Preparation of starch-palmitic acid complex nanoparticles and their effect on properties of the starch composite film.

机构信息

College of Food Science and Engineering, Jilin University, Changchun 130062, China.

College of Biological and Agricultural Engineering, Jilin University, Changchun 130022, China.

出版信息

Int J Biol Macromol. 2023 Nov 1;251:126154. doi: 10.1016/j.ijbiomac.2023.126154. Epub 2023 Aug 6.

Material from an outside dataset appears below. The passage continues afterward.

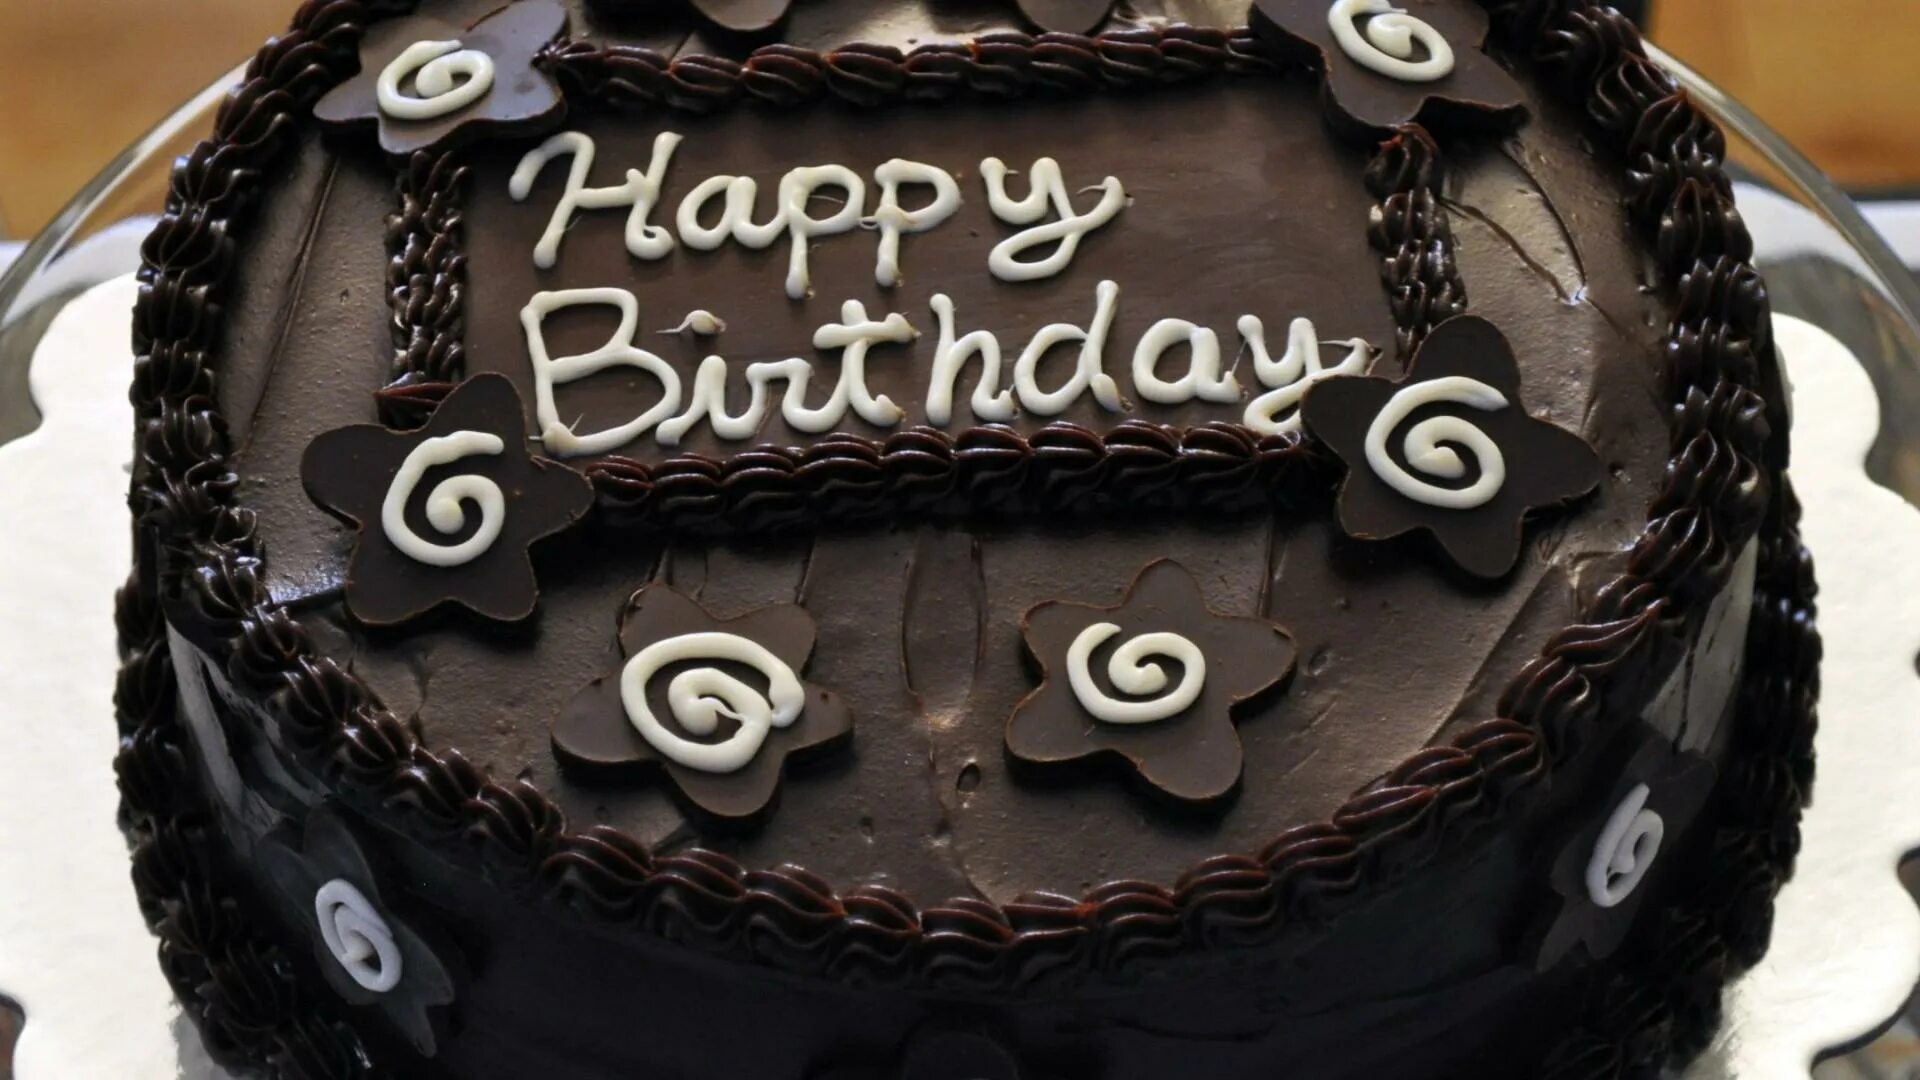 Торт с днем рождения!. Надпись на торте с днем рождения. Торт для парня. Шоколадный торт на день рождения. С днем рождения юноше 16

DOI:10.1016/j.ijbiomac.2023.126154
PMID:37544565
Abstract

The corn starch-palmitic acid complex nanoparticles and amylose-palmitic acid complex nanoparticles were prepared through complex and nanoprecipitation. Their mean size values were 138.2 nm and 654.7 nm, respectively, while the two kinds of complex nanoparticles were mainly showed V-type crystalline structure, the crystallinity of these complex nanoparticles was 20.86 % and 46.81 %. Then the starch composite films were prepared using the corn starch-palmitic acid complex nanoparticles and amylose-palmitic acid complex nanoparticles as reinforcement phases. The starch composite film reinforced with amylose-palmitic acid complex nanoparticles had the higher tensile strength and a better wettability with the water contact angle of 86.51°. Though the crystalline properties of starch composite films had no significant difference, the thermal stability improved when the amylose-palmitic acid complex nanoparticles used as reinforcement phase, the maximum thermal degradation temperature was 313 °C. This study provides a new type of reinforcement phase to improve the properties of starch composite films.

摘要

玉米淀粉-棕榈酸复合纳米颗粒和直链淀粉-棕榈酸复合纳米颗粒通过络合和沉淀法制得。它们的平均粒径值分别为 138.2nm 和 654.7nm,而这两种复合纳米颗粒主要呈现 V 型结晶结构,这些复合纳米颗粒的结晶度分别为 20.86%和 46.81%。然后,使用玉米淀粉-棕榈酸复合纳米颗粒和直链淀粉-棕榈酸复合纳米颗粒作为增强相制备淀粉复合薄膜。用直链淀粉-棕榈酸复合纳米颗粒增强的淀粉复合薄膜具有较高的拉伸强度和更好的润湿性,水接触角为 86.51°。尽管淀粉复合薄膜的结晶性能没有显著差异,但当直链淀粉-棕榈酸复合纳米颗粒作为增强相使用时,热稳定性得到提高,最大热降解温度为 313°C。本研究为改善淀粉复合薄膜的性能提供了一种新型增强相。